### What the task requires
Each line below must be reproduced exactly, though the pictures are to be dropped.

### Recorded data
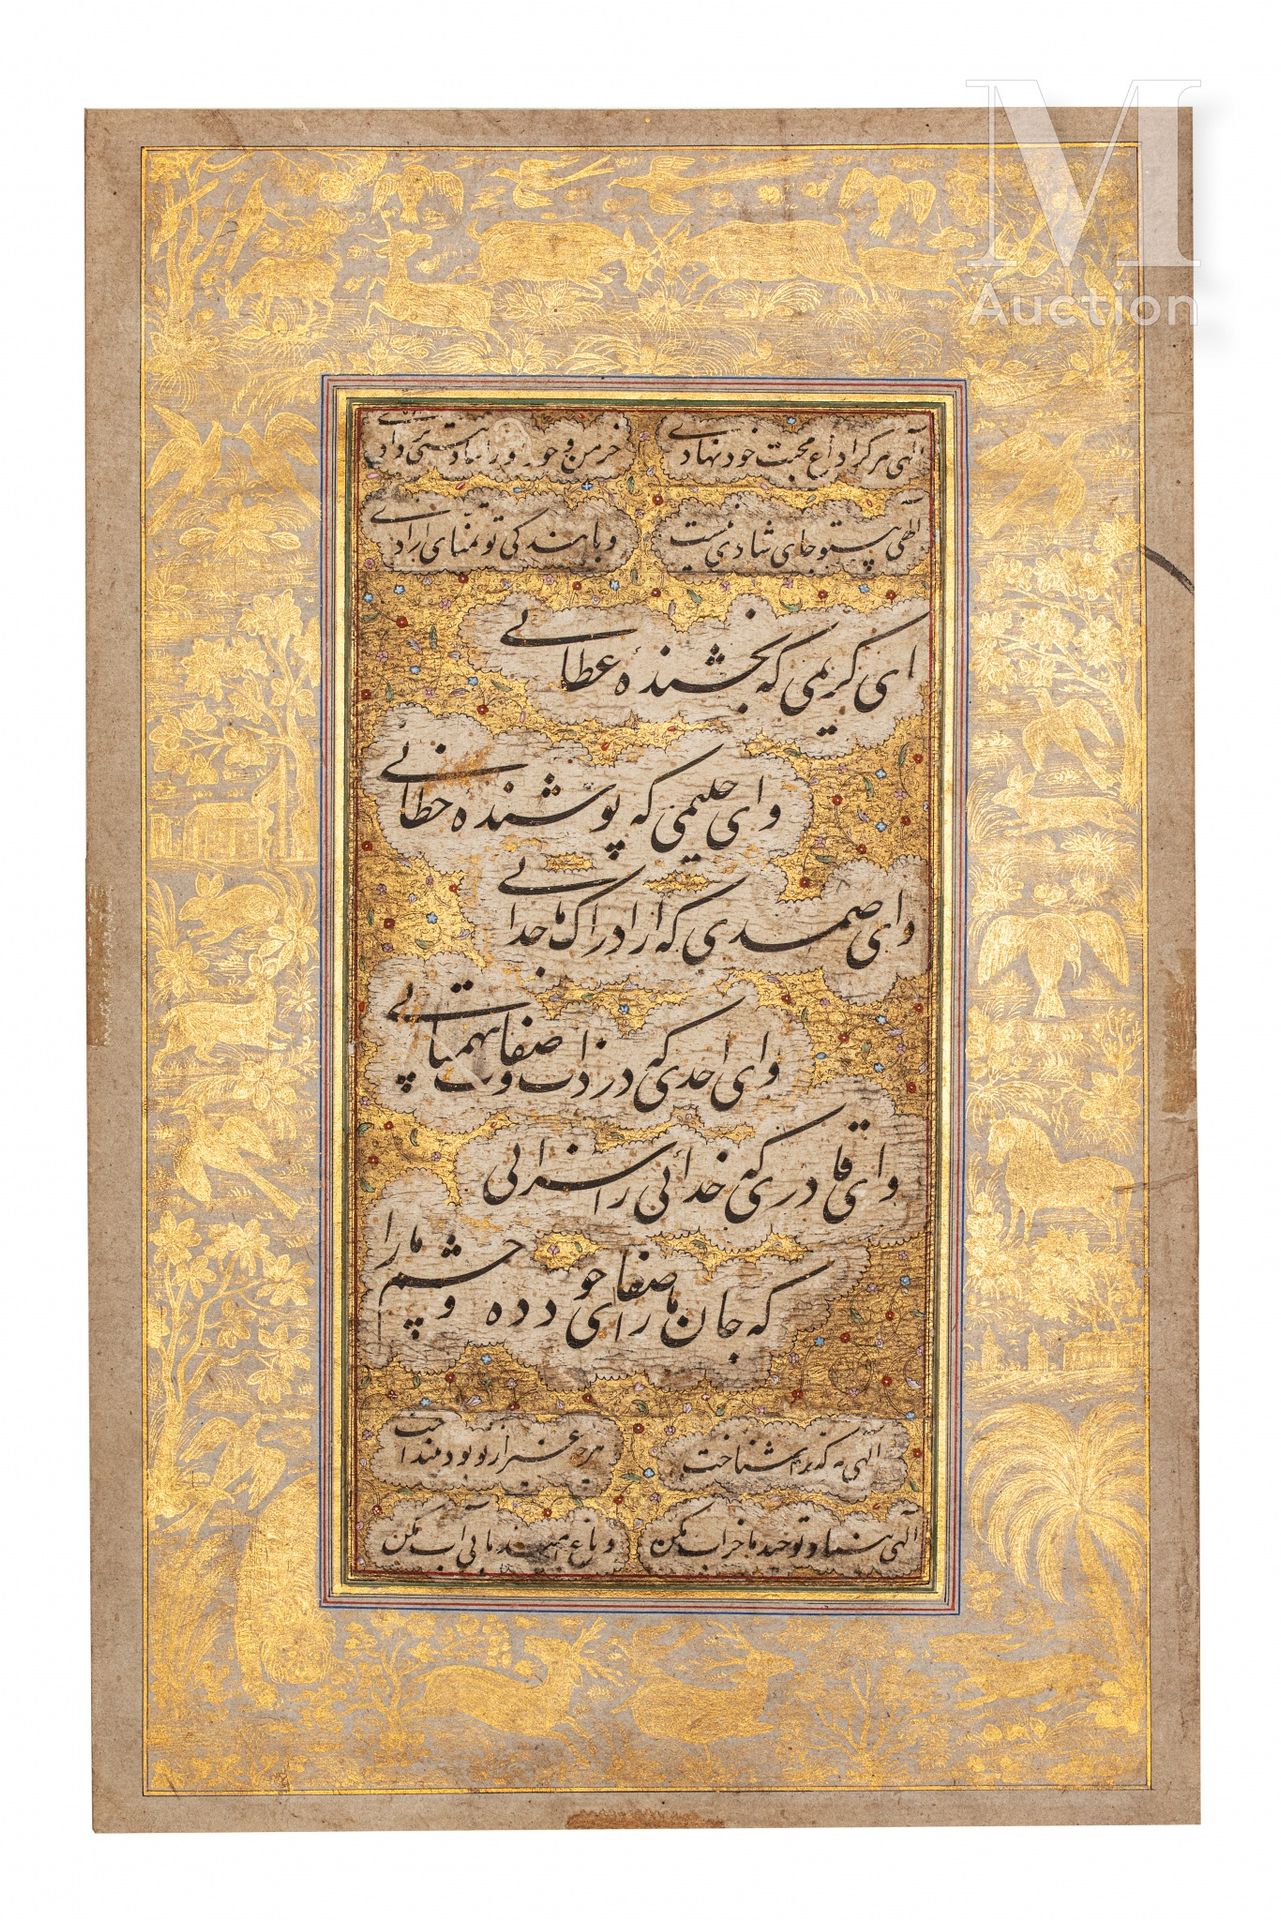 Calligraphie moghole India, siglo XVIII

Página de álbum, compuesta por caligraf&hellip;
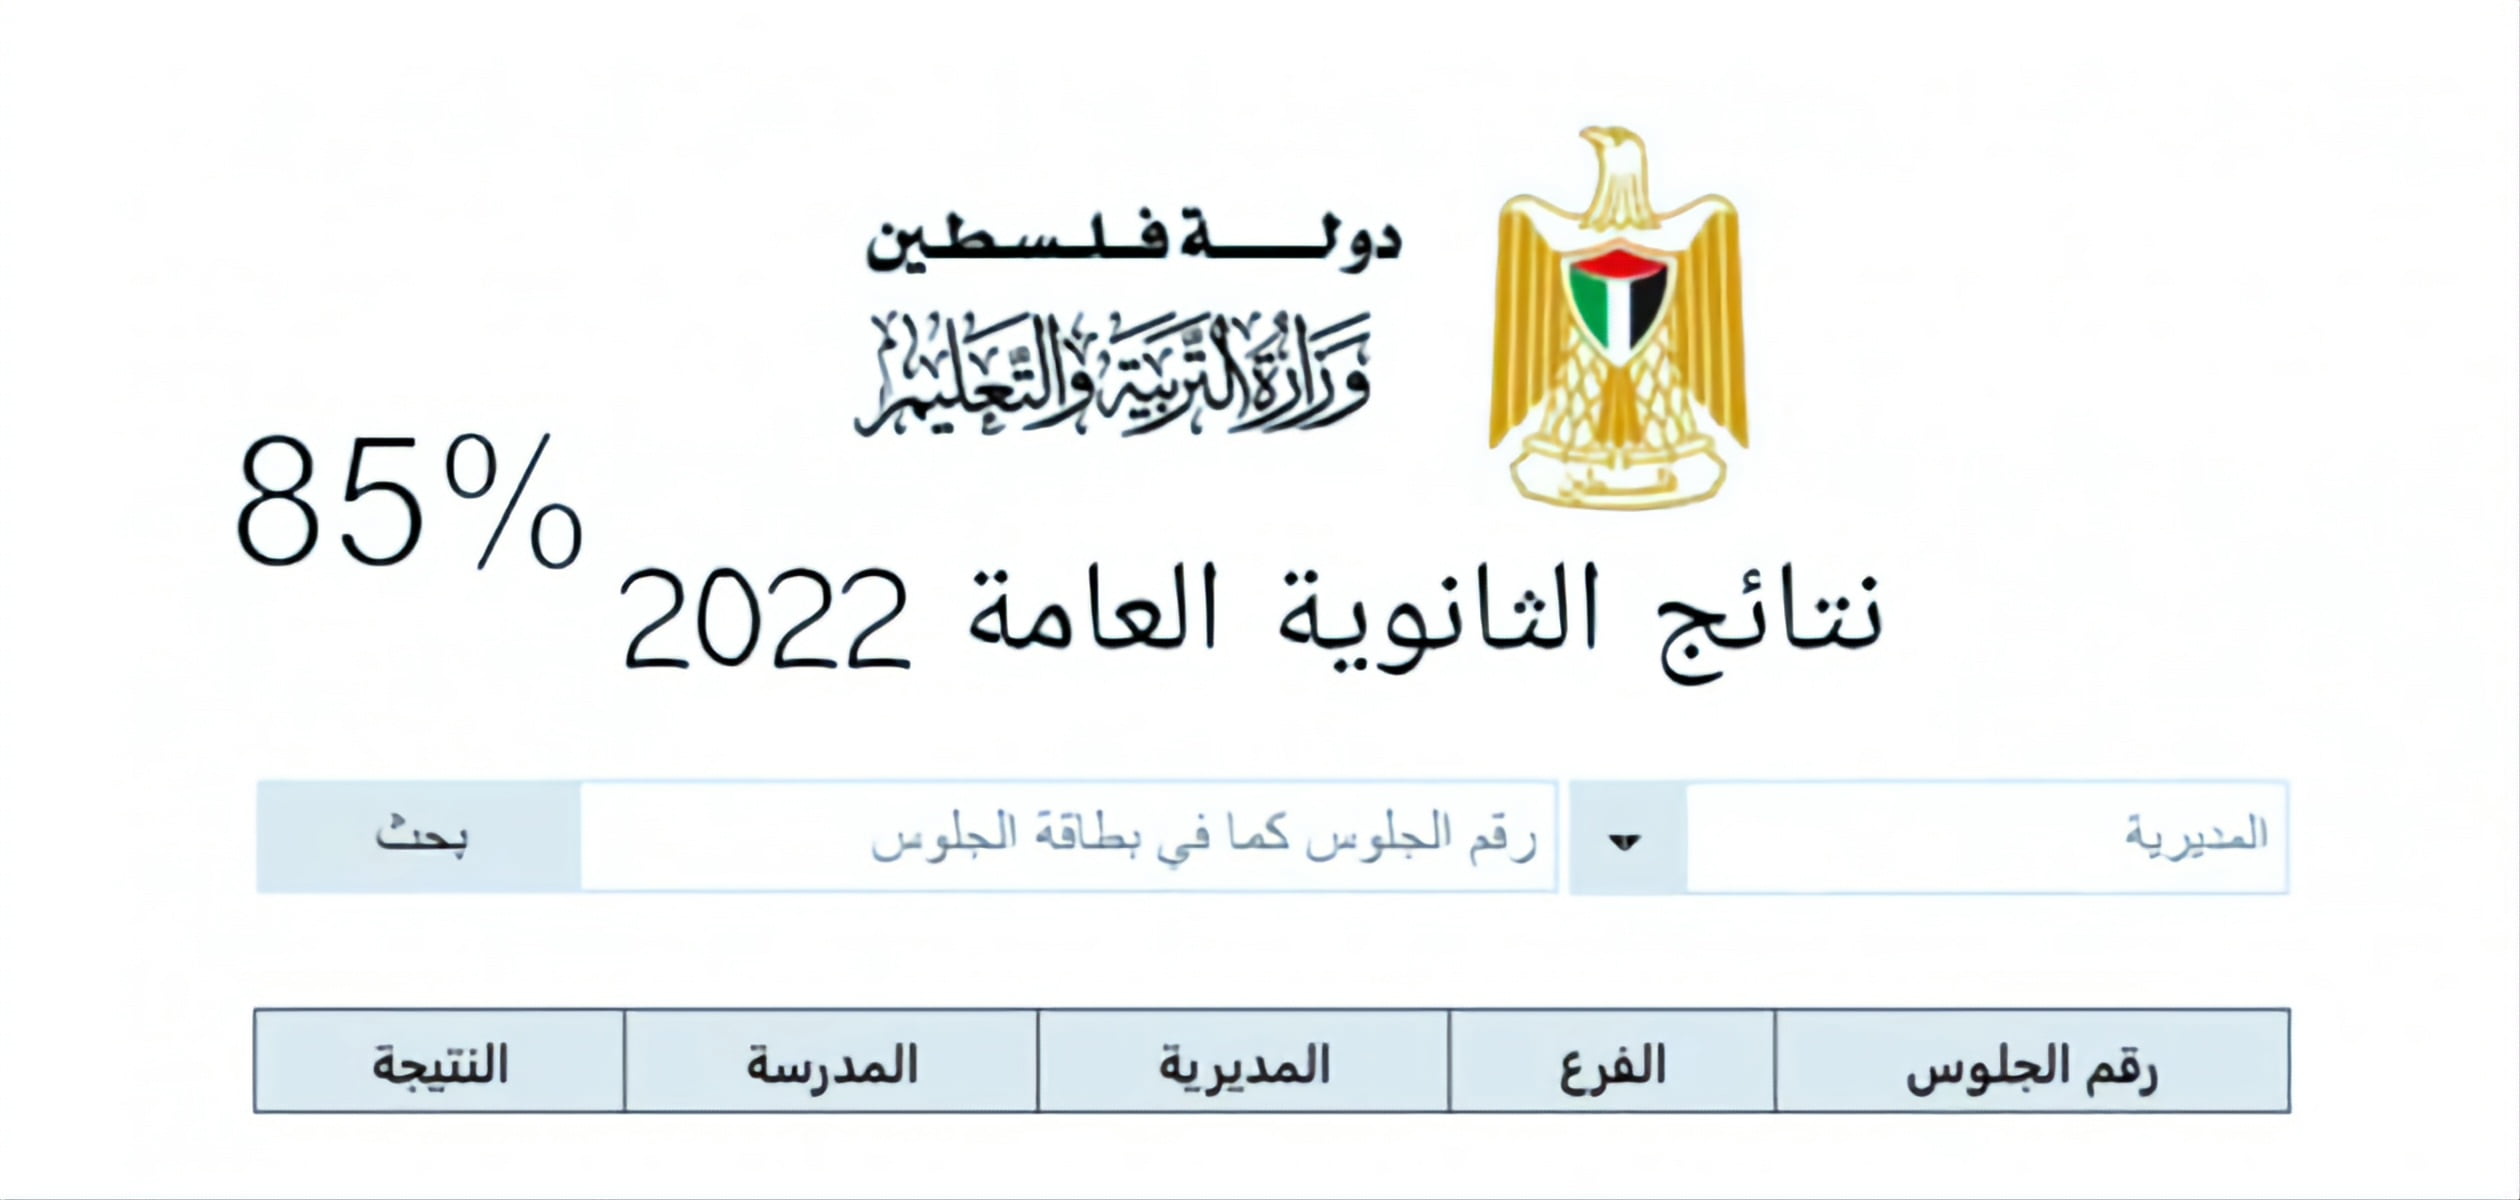 موعد نتائج الثانوية العامة في فلسطين 2022
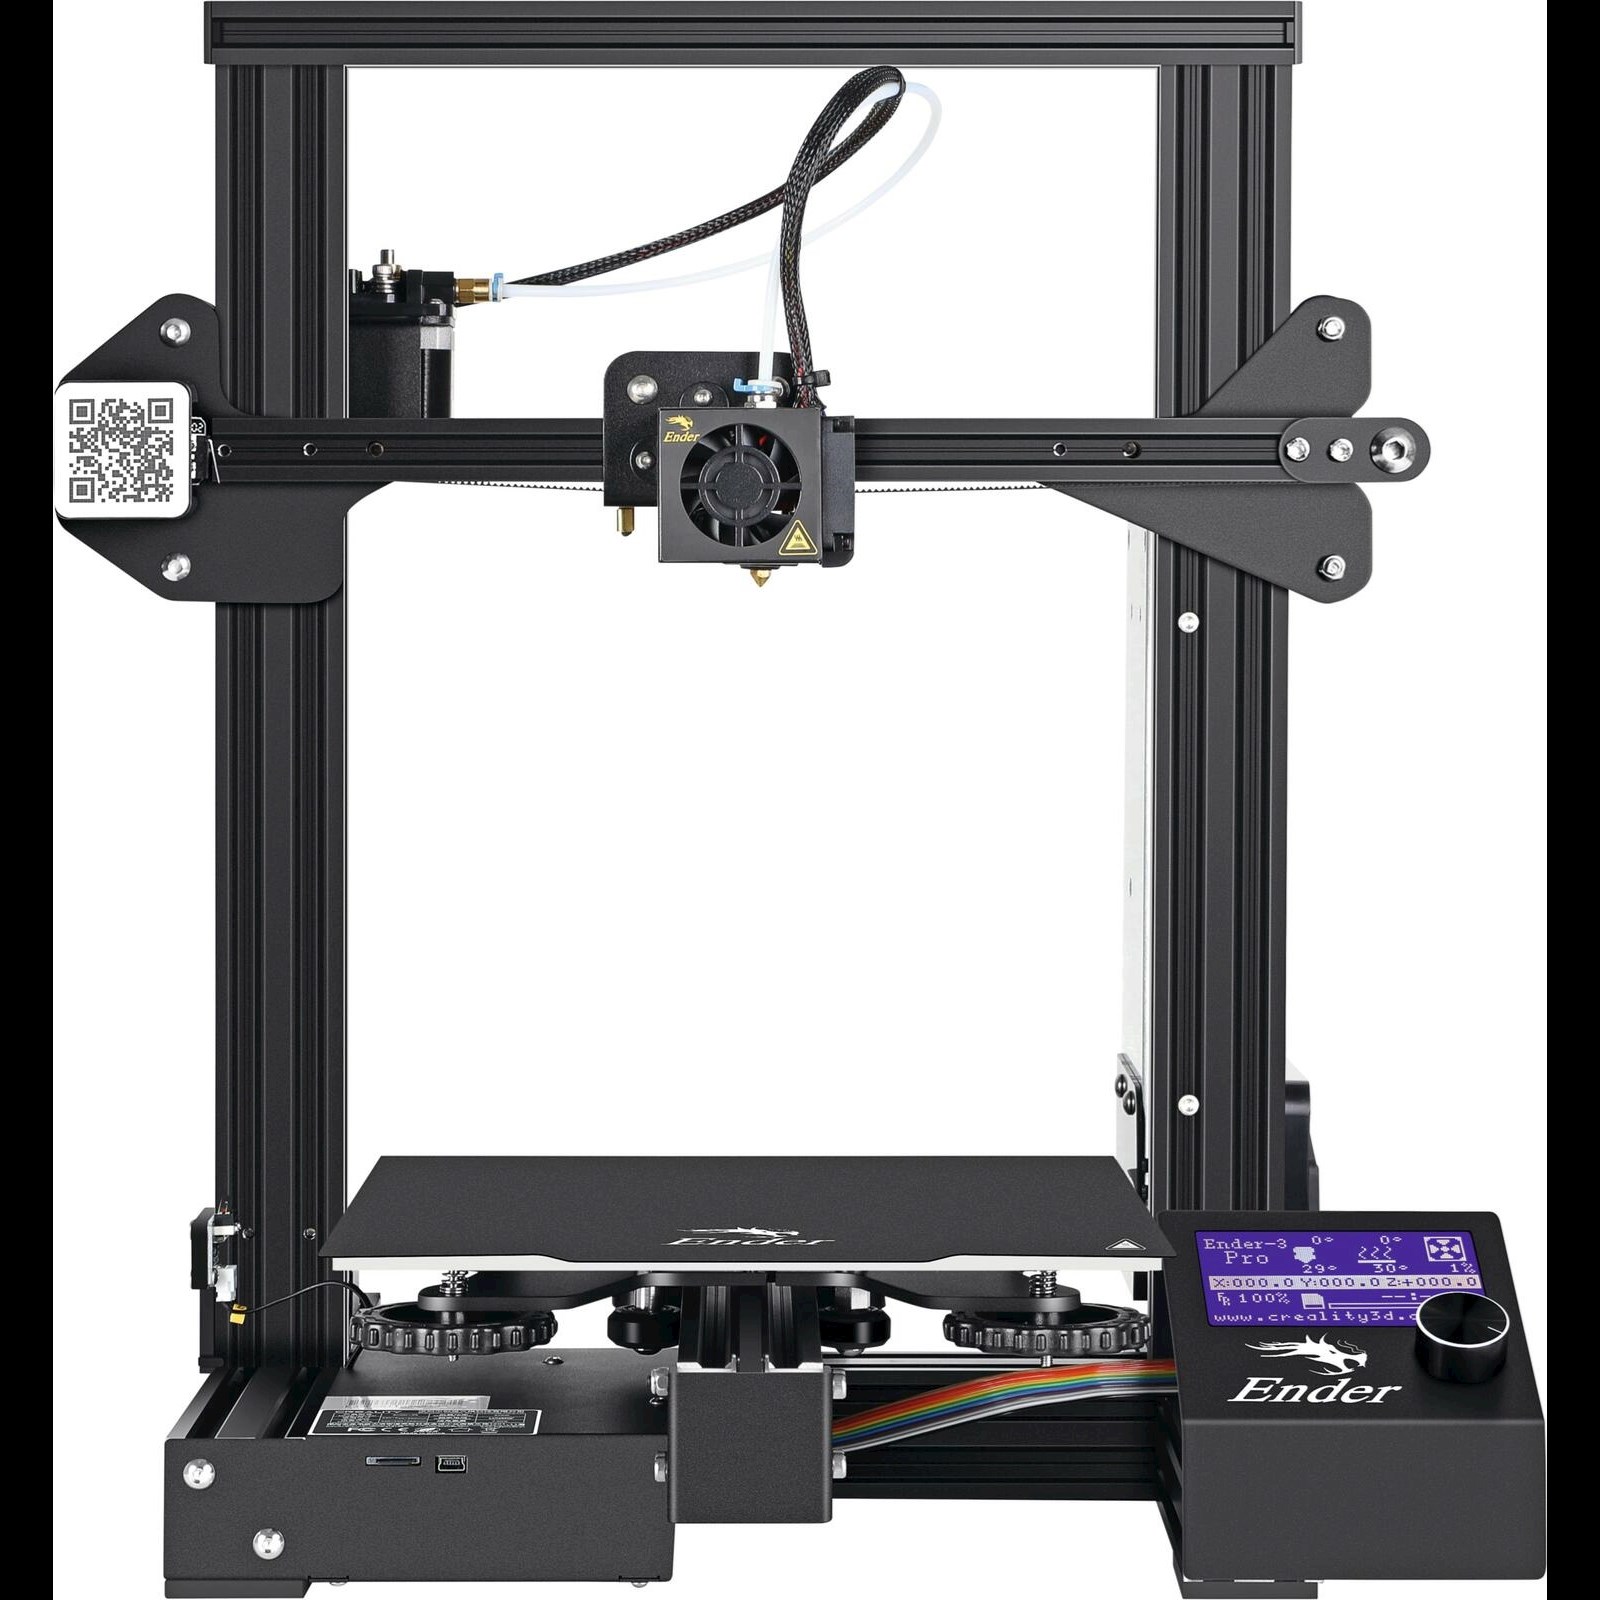 Hotend pour imprimante 3D - A-Printer Impression 3D en Suisse

### Answer space
 Calligraphie moghole India, siglo XVIII

Página de álbum, compuesta por caligraf&hellip;
 موعد نتائج الثانوية العامة في فلسطين 2022
 Hotend pour imprimante 3D - A-Printer Impression 3D en Suisse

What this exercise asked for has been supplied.